■ **SOURCE INFORMATION**:
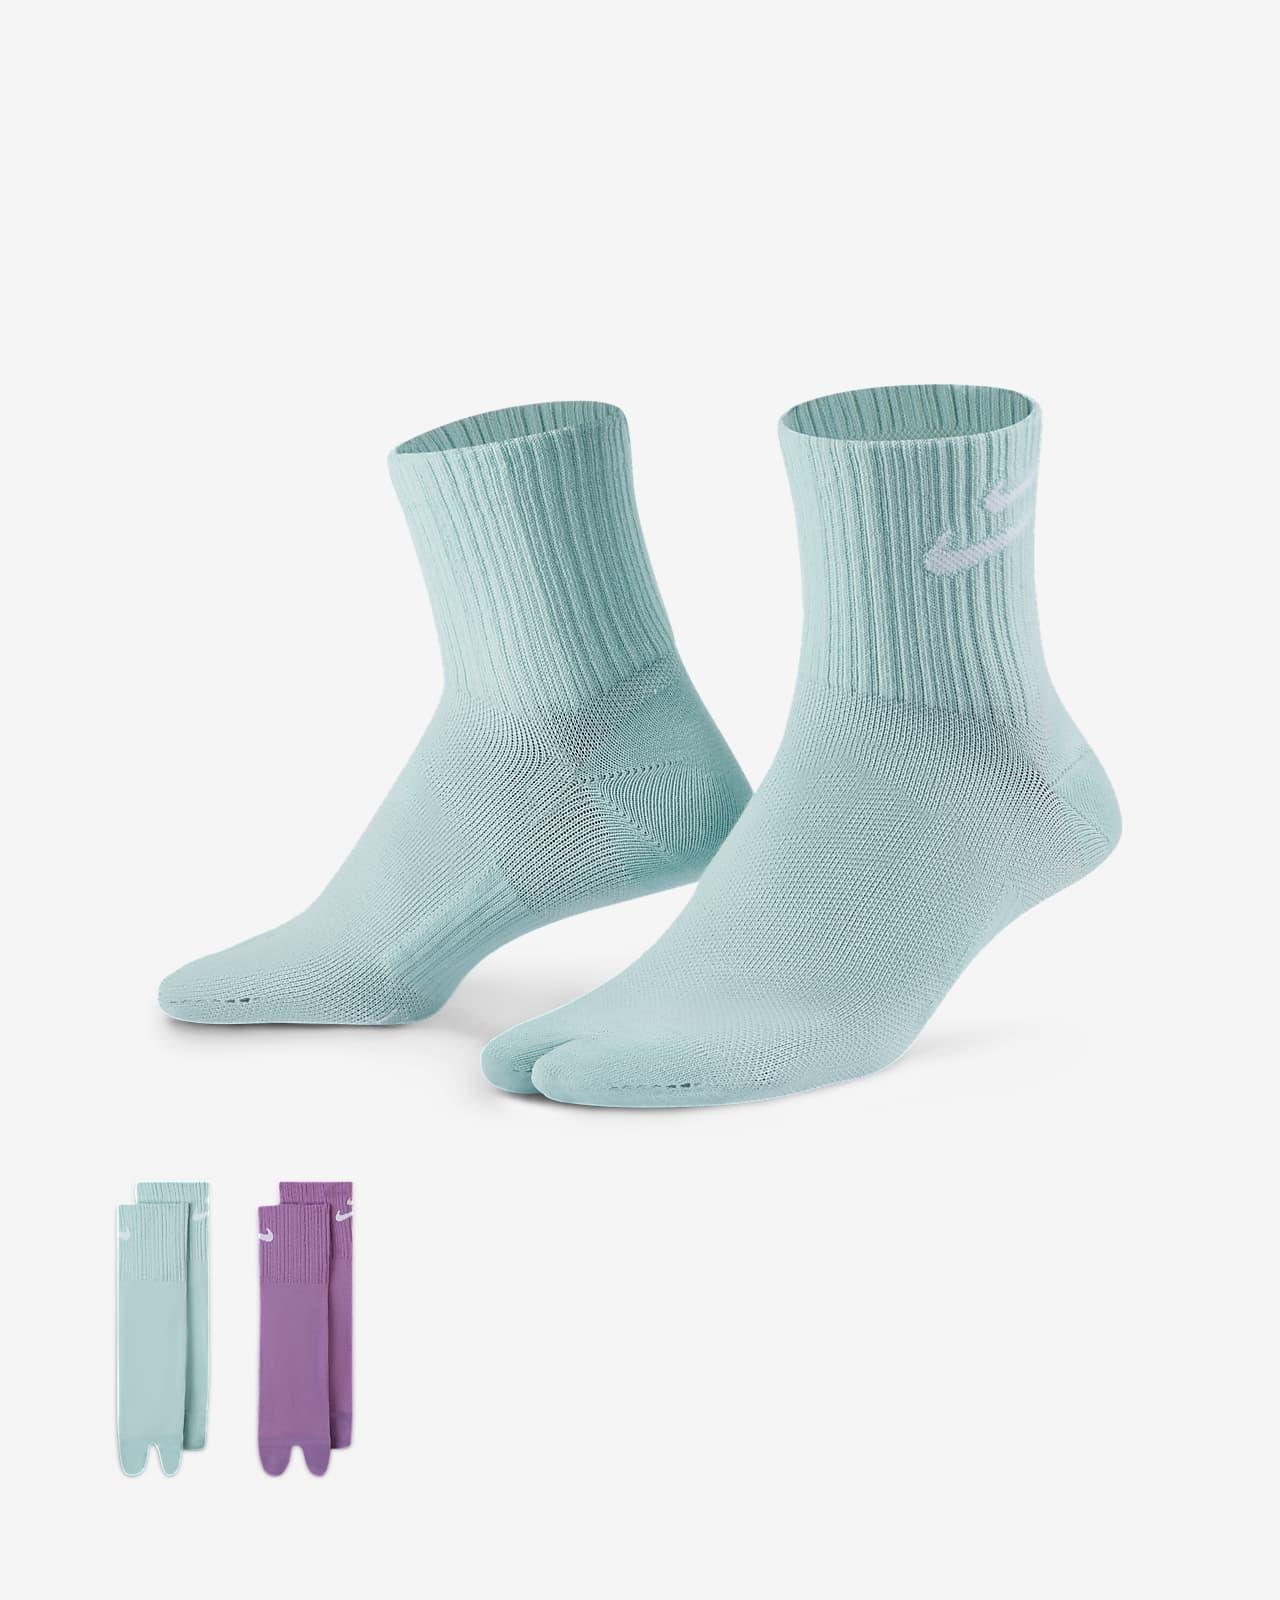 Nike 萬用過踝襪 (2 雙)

* * *

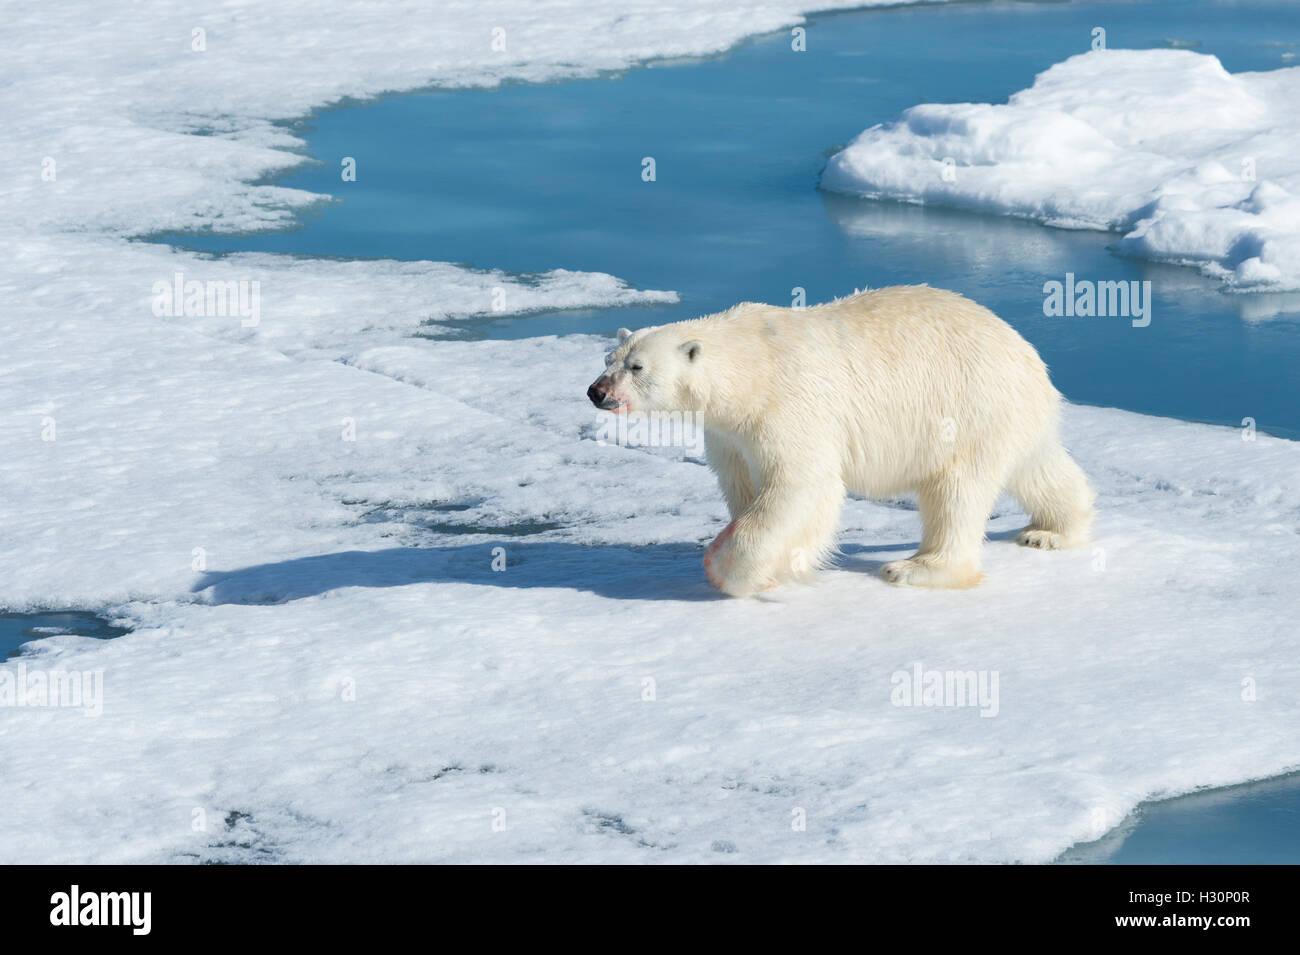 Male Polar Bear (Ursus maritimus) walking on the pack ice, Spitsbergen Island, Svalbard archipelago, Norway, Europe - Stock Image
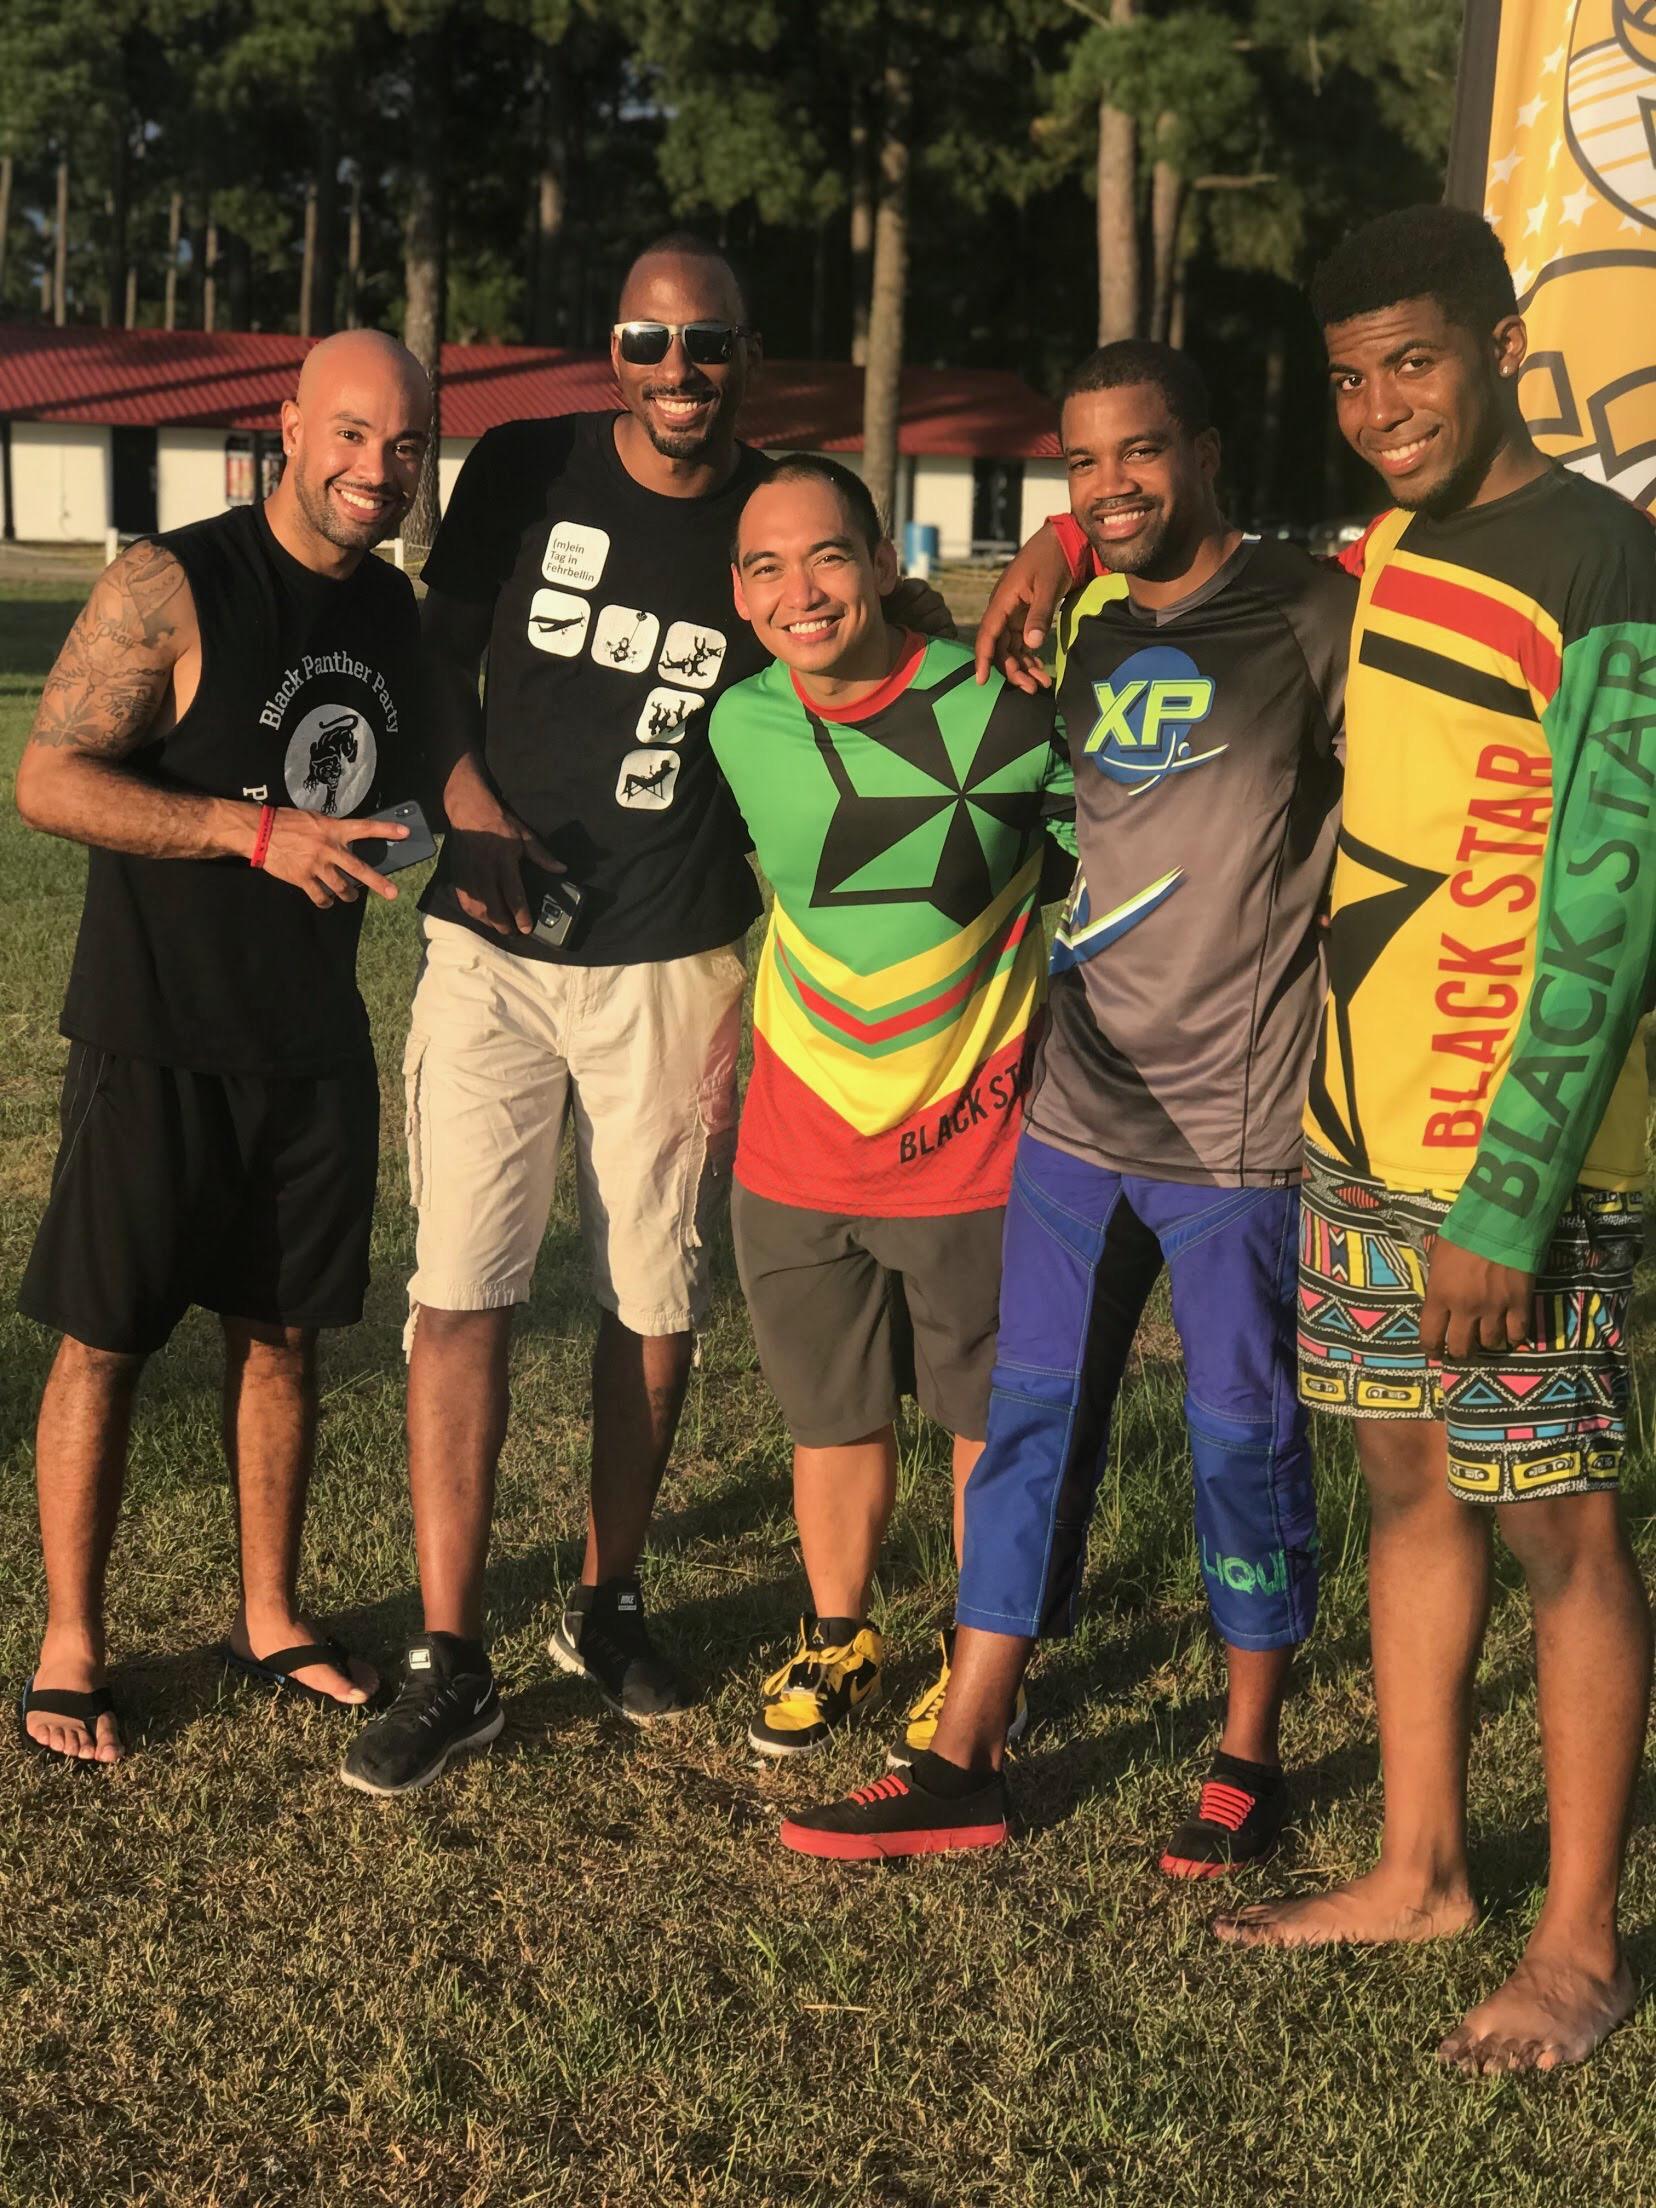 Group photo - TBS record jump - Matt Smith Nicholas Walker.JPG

==

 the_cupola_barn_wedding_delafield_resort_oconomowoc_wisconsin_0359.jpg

■ **WHAT IS BEING ASKED**: Nothing but the lines from the one with "Male Polar Bear" to the one with "Group photo - TBS" above, both included, should be transcribed, exactly and without pictures.

■ **FINAL ANSWER**:
 Male Polar Bear (Ursus maritimus) walking on the pack ice, Spitsbergen Island, Svalbard archipelago, Norway, Europe - Stock Image
 Group photo - TBS record jump - Matt Smith Nicholas Walker.JPG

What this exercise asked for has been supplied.